ROANOKE TIMES Copyright (c) 1996, Roanoke Times DATE: Monday, December 16, 1996 TAG: 9612160148 SECTION: NATIONAL/INTERNATIONAL PAGE: A-4 EDITION: METRO DATELINE: ASSOCIATED PRESS SOURCE: SINGAPORE
EXPERTS PREDICT that Asian countries will have severe water problems by 2025. In the next 50 years, some say water - not oil - will be the resource fought over.
Floods killed hundreds of people in China this year and heavy rains spread havoc in Cambodia, Indonesia, Thailand and elsewhere. But despite such deluges, much of the booming region is running short of water.
Long an abundant resource in much of Asia, water supplies are being drawn down by increased use from expanding industrial production, rising living standards and growing populations.
Experts have been warning for several years that Asians must reduce consumption and curb wastage or face economic and social disruption.
``Water tables are falling, rivers are drying up and competition for dwindling supplies is increasing,'' Sandra Postel, a water expert for the Worldwatch Institute in Washington, said in a recent report.
A World Bank study said water supplies in China ``already are being siphoned away from farmlands surrounding Beijing in order to meet rising urban and industrial demands. With some 300 Chinese cities now short of water, this shift is bound to become more pronounced.''
The International Rice Research Institute, based in Los Banos, Philippines, warned last year that competition for water between agriculture and industry could lead to social unrest.
``Projections suggest that most Asian countries will have severe water problems by the year 2025,'' the institute said in a report.
The proliferation of wells could dry up underground water sources in Bangladesh, India and Pakistan, it added.
``I suspect that in the next 50 years, we will see a shift from oil to water as the cause of great conflicts between nations and peoples,'' said Wally N'Dow, secretary-general of the U.N. Conference on Human Settlements held last June in Istanbul, Turkey.
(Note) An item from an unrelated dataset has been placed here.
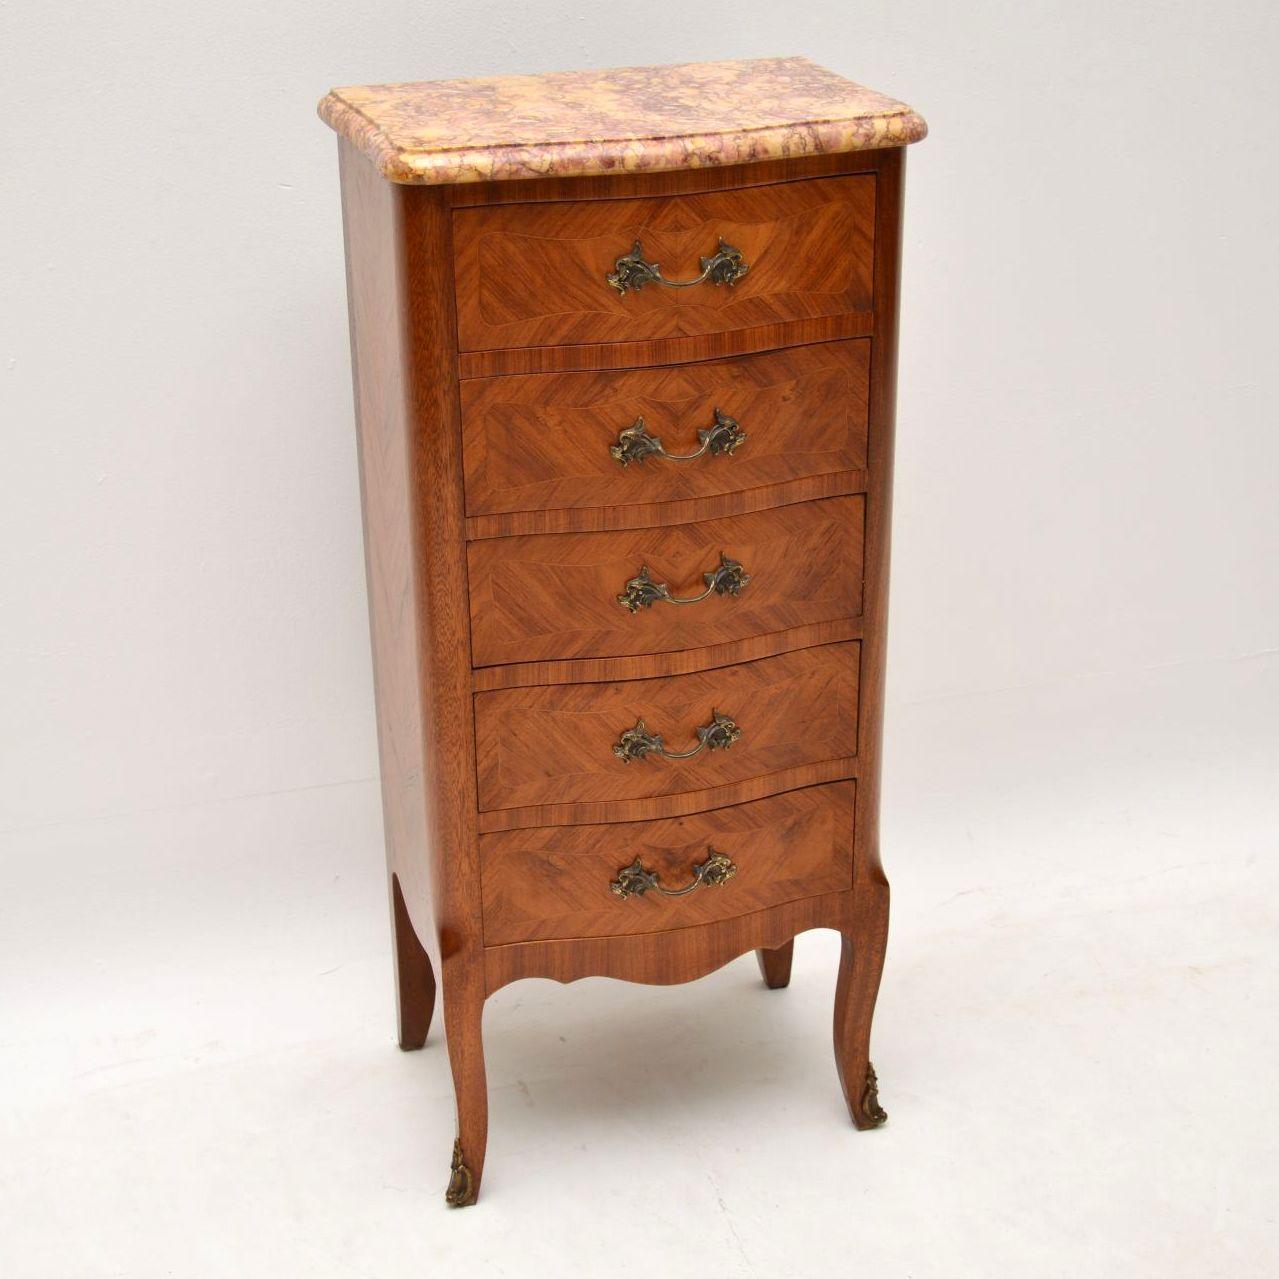 Antique French Marble-Top Chest of Drawers (Französisch)

``There is a tremendous economic and human cost involved due to inadequate supplies of water.''
Studies estimate about 60 percent of drinking water supplies in Third World cities are lost, either by illegal taps into the systems or leakage through rusted pipes, N'Dow said.
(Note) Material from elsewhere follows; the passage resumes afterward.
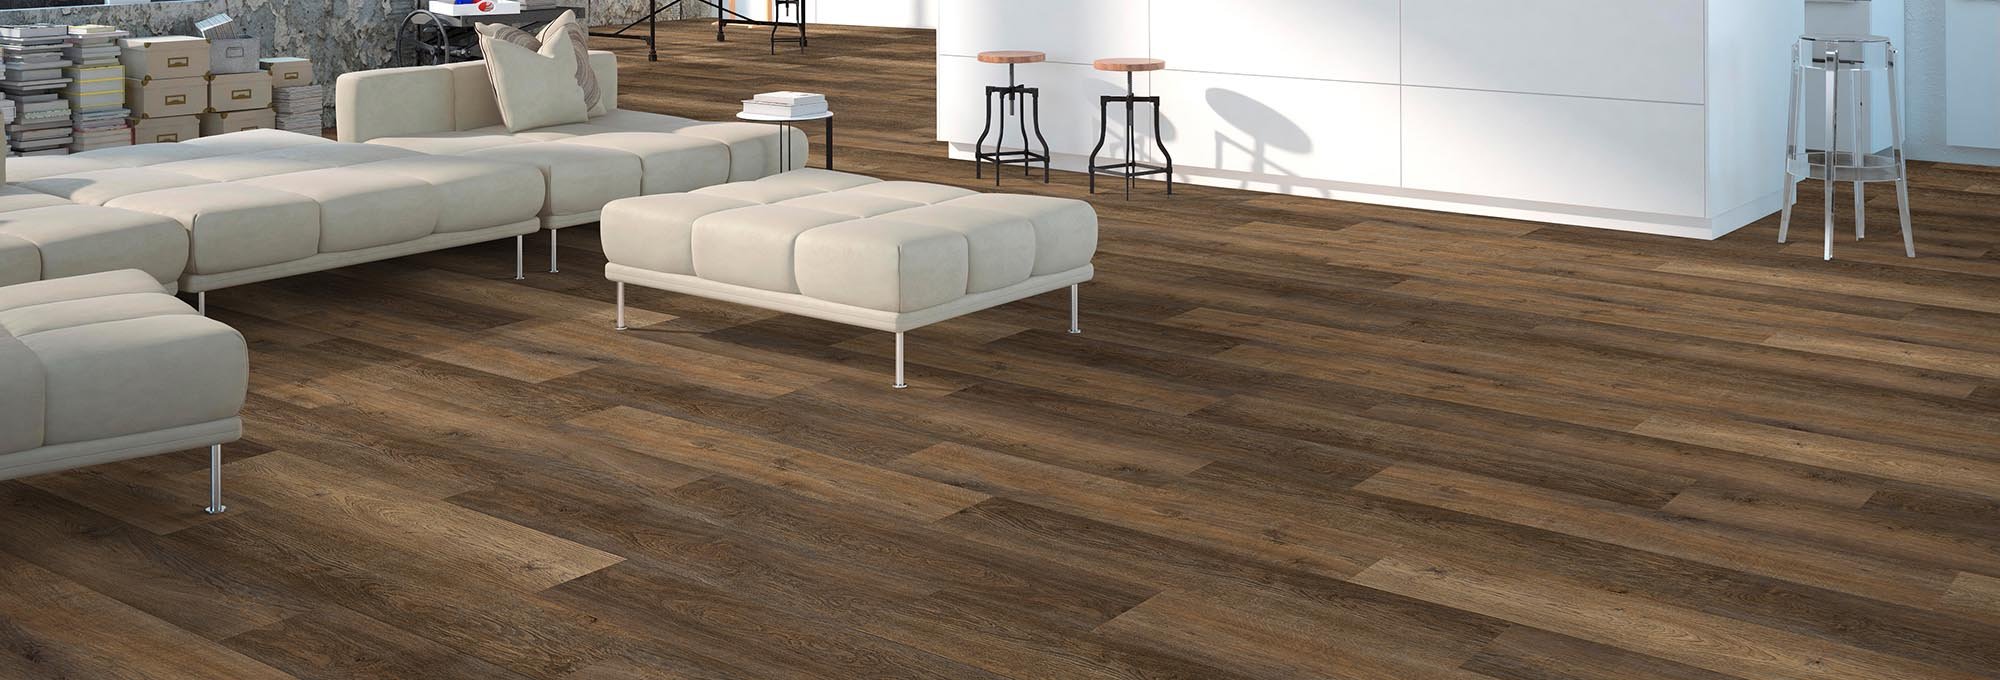 Shop Flooring Products from CarpetsPlus COLORTILE of Bloomington in Bloomington, IL

That compares with an average of 12 percent waste in the water systems of Britain and the United States, according to a U.N. survey.
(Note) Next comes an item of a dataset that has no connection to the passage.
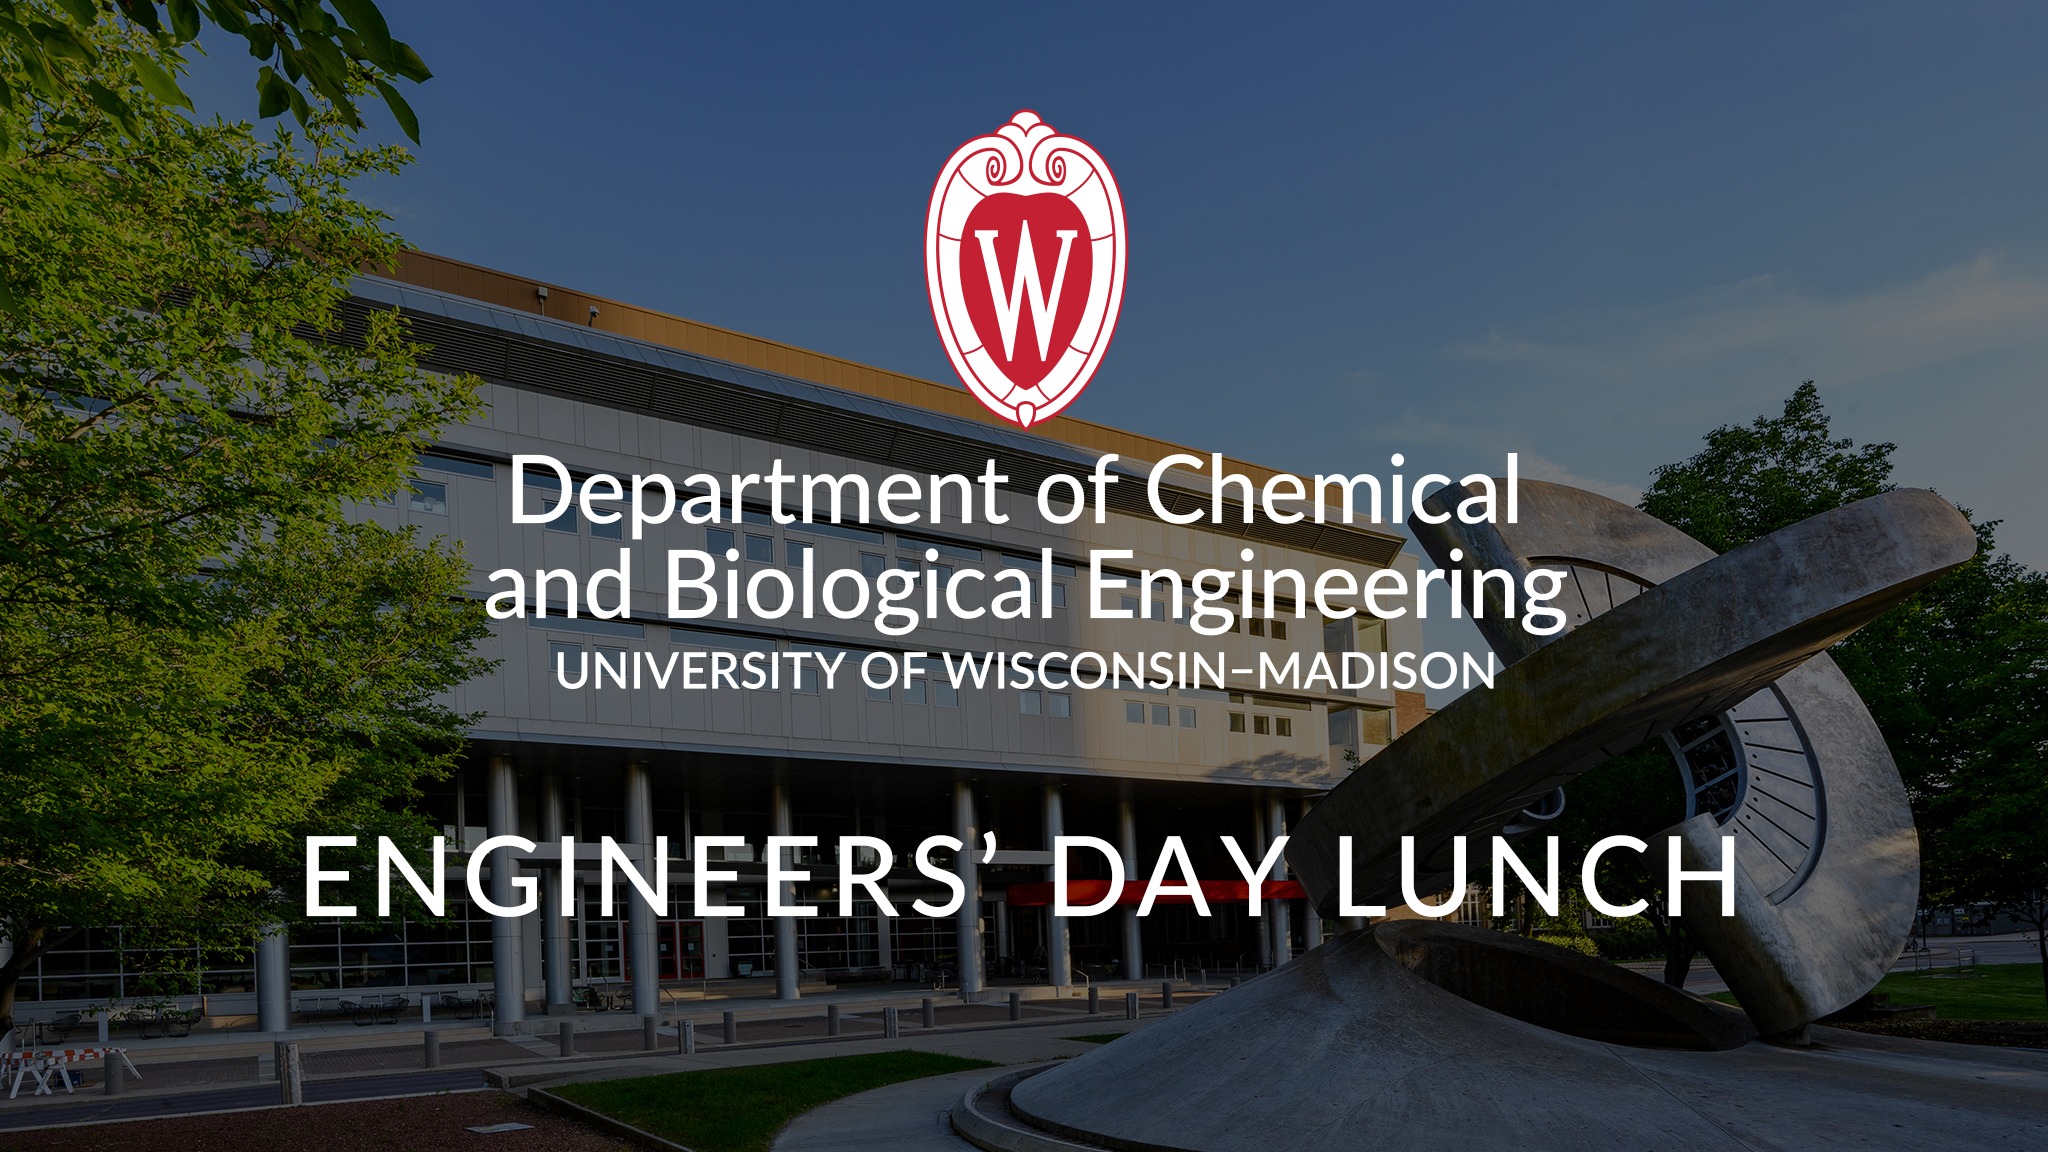 photo of Engineering Hall with text Engineers' Day Lunch and UW seal

Throughout the developing world, an estimated 20 percent of urban families buy water from vendors because they have no access to municipal systems.
For the 10 million residents of Jakarta, Indonesia' biggest city, access to the municipal supply is a mixed blessing.
The water utility, Perusahaan Air Minum, says it is able to supply only 50 percent of Jakarta's total needs. And it guarantees only that the water won't be murky; it doesn't promise it is safe to drink. Tourists are advised to drink only purified bottled water.
Research by the Japanese International Cooperation Agency found that 73 percent of shallow wells in North Jakarta are contaminated by human waste and ammonia. About 13 percent contain heavy metals, including mercury.
World Bank experts warn that with growing congestion and pollution in Indonesia's main cities, ``it will be increasingly difficult for Indonesia to compete for foreign investment.''
The bank said heavy reliance on underground water to serve industrial and domestic needs in Indonesia's big cities could not continue indefinitely.